See, mfb? This is why your comment was counterhelpful. Maybe you'd like to try explaining to Orodruin the difference between a macroscopic field and its quantum excitation.

11. May 30, 2014

### ChrisVer

Also the masses change with energy (yukawa coupling constant is a running constant)?

12. May 30, 2014

### ofirg

Yes, but only one of the components has a non zero vacuum expectation value (vev) and physical particle like excitations.

The other three have zero vev and their particle excitations are not physical scalar like excitations.

It is important to note that the physical mass (pole mass) is a single number. The running mass which varies with energy (or more correctly, scale) is a parameter used in perturbation theory with the scale chosen to improve convergence.

I believe Bill_K means that if you look on the expectation value of a zero vev field in a state with an excitation from that field ( such as looking at the expectation value of the higgs field without the vev in a state with a higgs boson) the expectation value is still zero. You need to build states which are a superposition of states with different particle numbers for the field to have non zero expectation value.

13. May 30, 2014

### vasilis

In regard to the confusion about the exciting the Higgs,

By definition, a particle is a quantum flluctuation about a vacuum, i.e pick a classical field configuration of minimal energy, that is the vev of your field, consider small fluctuations about it and quantize them (have them obey Bose or fermi-Dirac statistics). This is precisely what is meant by exciting the vacuum with a single creation operator. Note, in QFT the fields appearing in the lagrangian should always be understood as a two-term structure: the vev plus the fluctuation.

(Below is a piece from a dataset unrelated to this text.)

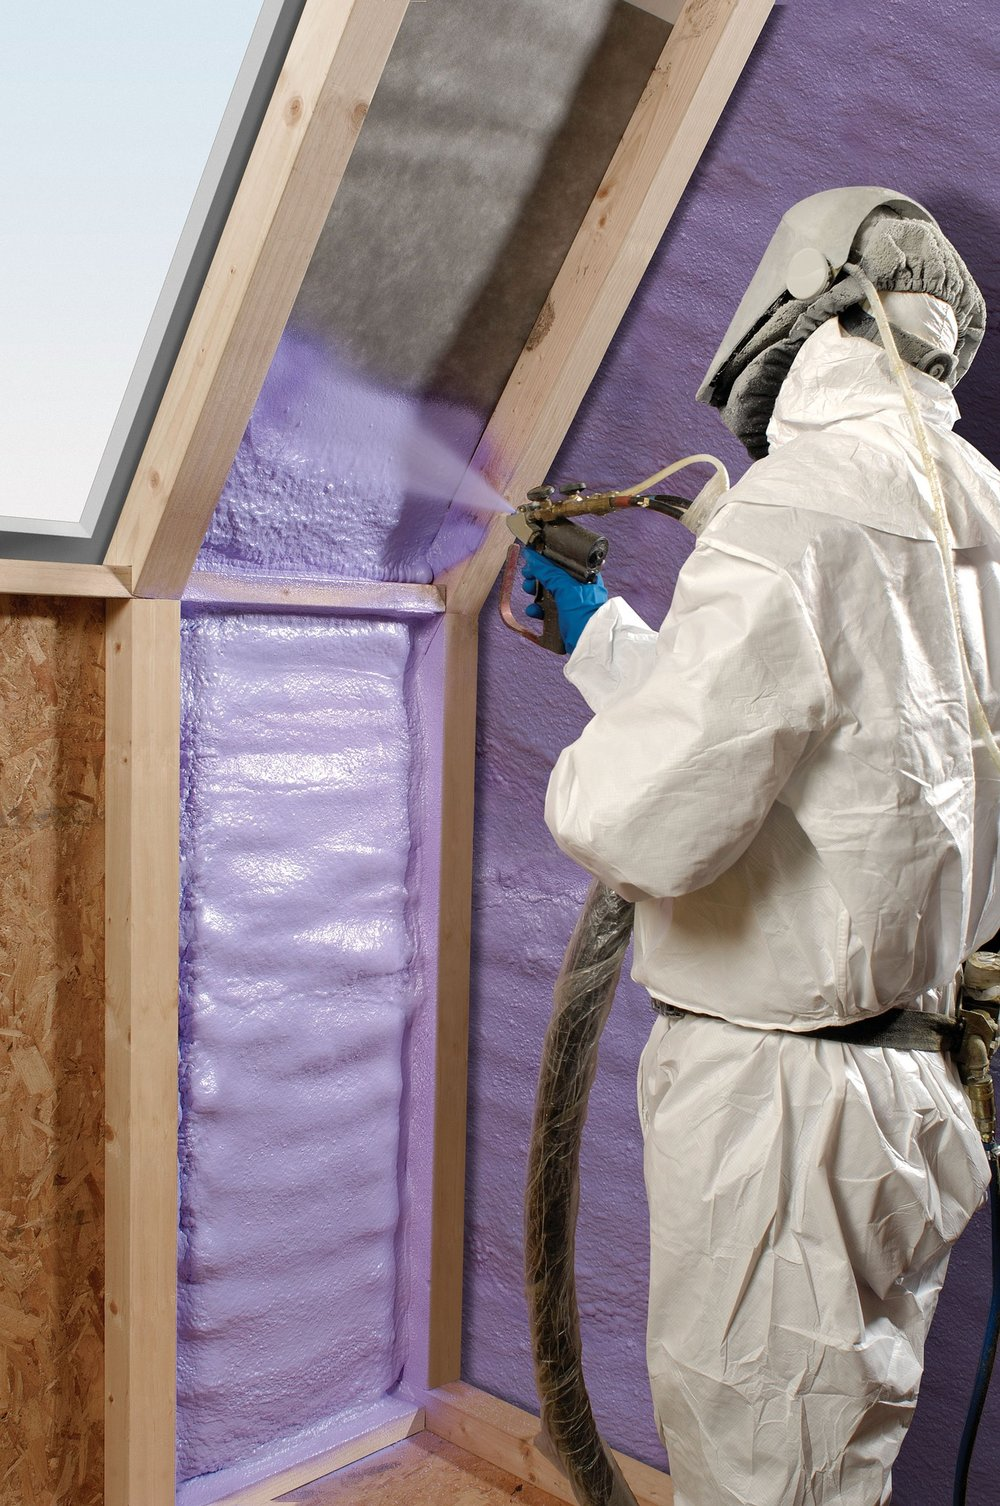 Applying insulation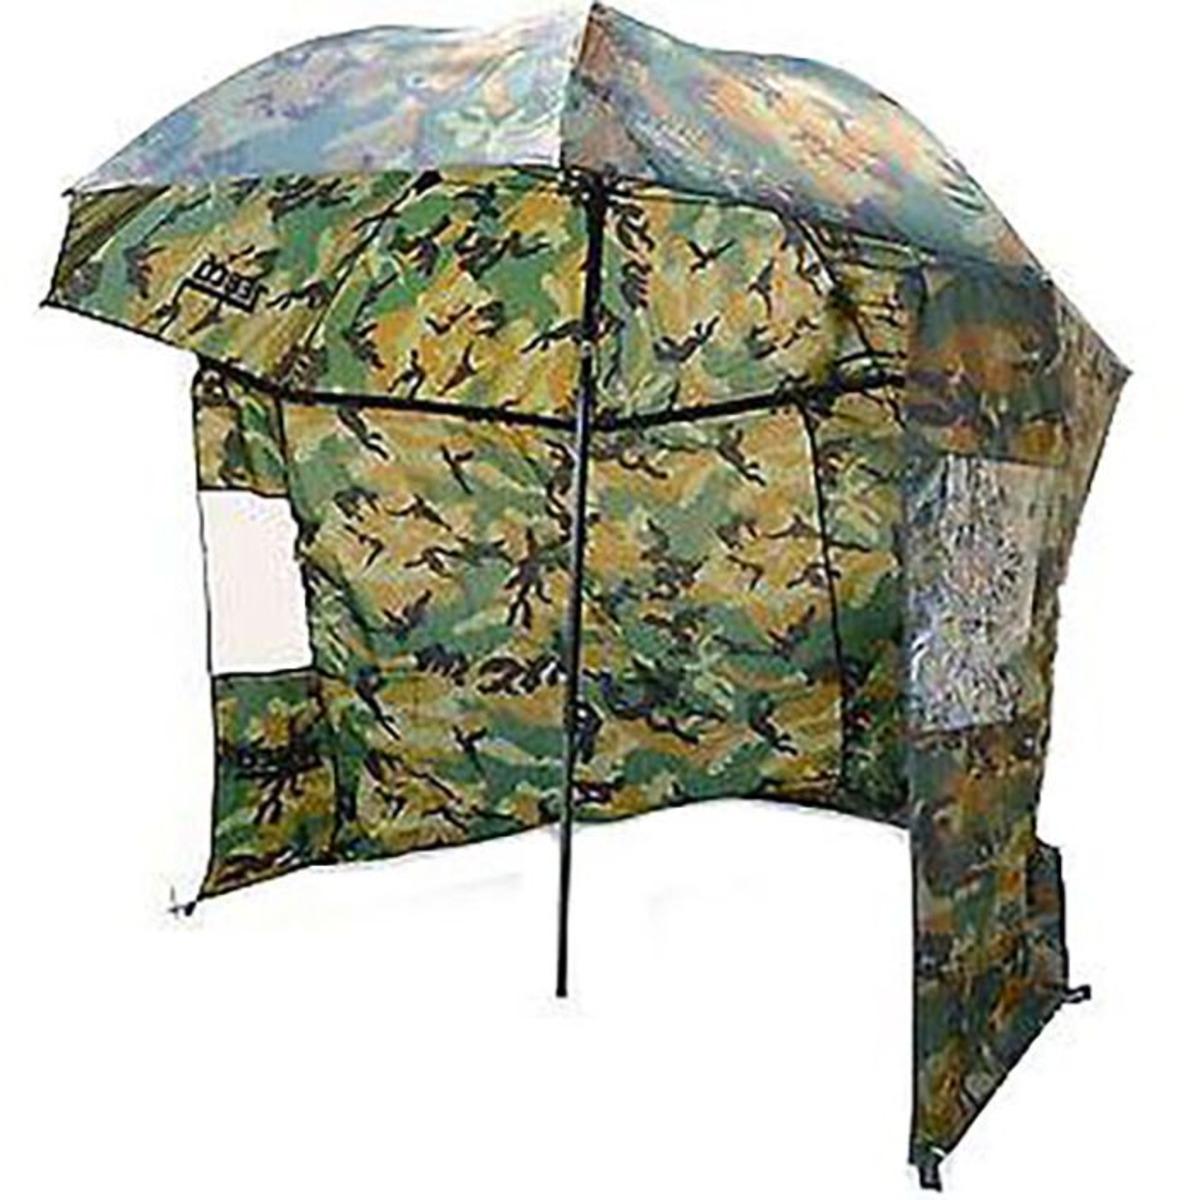 Zebco Nylon Camou Storm Umbrella - 2.20 m

Since the vacuum must be Lorentz invariant, the only field which can have a non-zero vev is the (scalar) Higgs field. (Of course we can have non-zero vevs for non-abelian gauge fields, e.g. Instanton backgrounds and etc, but for our discussion we can ignore these). So, for most fields the vev piece is set to zero and what really appears in the lagrangian is just the fluctuation which you would like to quantize.

Now, the essential point is that the background is fixed at the vevs of your fields and it never changes. Thus, we have zero vevs for all the fields but the Higgs. Particles should be thought as small (quantum) fluctuations propagating in this background with their mass parameters depending on the vev of the Higgs field. For all these to work out nicely though, we must couple the "massive" fields to the Higgs field, which appears in L with a zero vev at the moment, then add a spontaneously-symmetry-breaking potential term in the Lagrangian which picks up the vev of the Higgs and thereafter we need to consider a shift of the Higgs in order to make sure that the theory will be quantized on a true (stable) vacuum. Note that initially there are no mass terms for these fields. After the shift, the massive fields acquire a mass term from the vev piece as well as some other coupling terms with the Higgs. So, the mass terms do not involve any interactions with the "quanta" of the Higgs field but rather they contain an explicit factor of its vev. In other words, all the particles feel heavy when they propagate in the presence of this non-zero vev.

Higgs excitations do not alter the vev and hence, neither the mass parameters. They only turn on interactions among the massive fields and the Higgs bosons with a yukawa coupling parameter. You can probe these interactions at different energy scales and determine the value of the yukawa coupling at these energies. You can also determine the mass parameters and then given e.g. Mass of W = g.v/2 you can determine v=vev, and confirm that it's independent of the probe scale.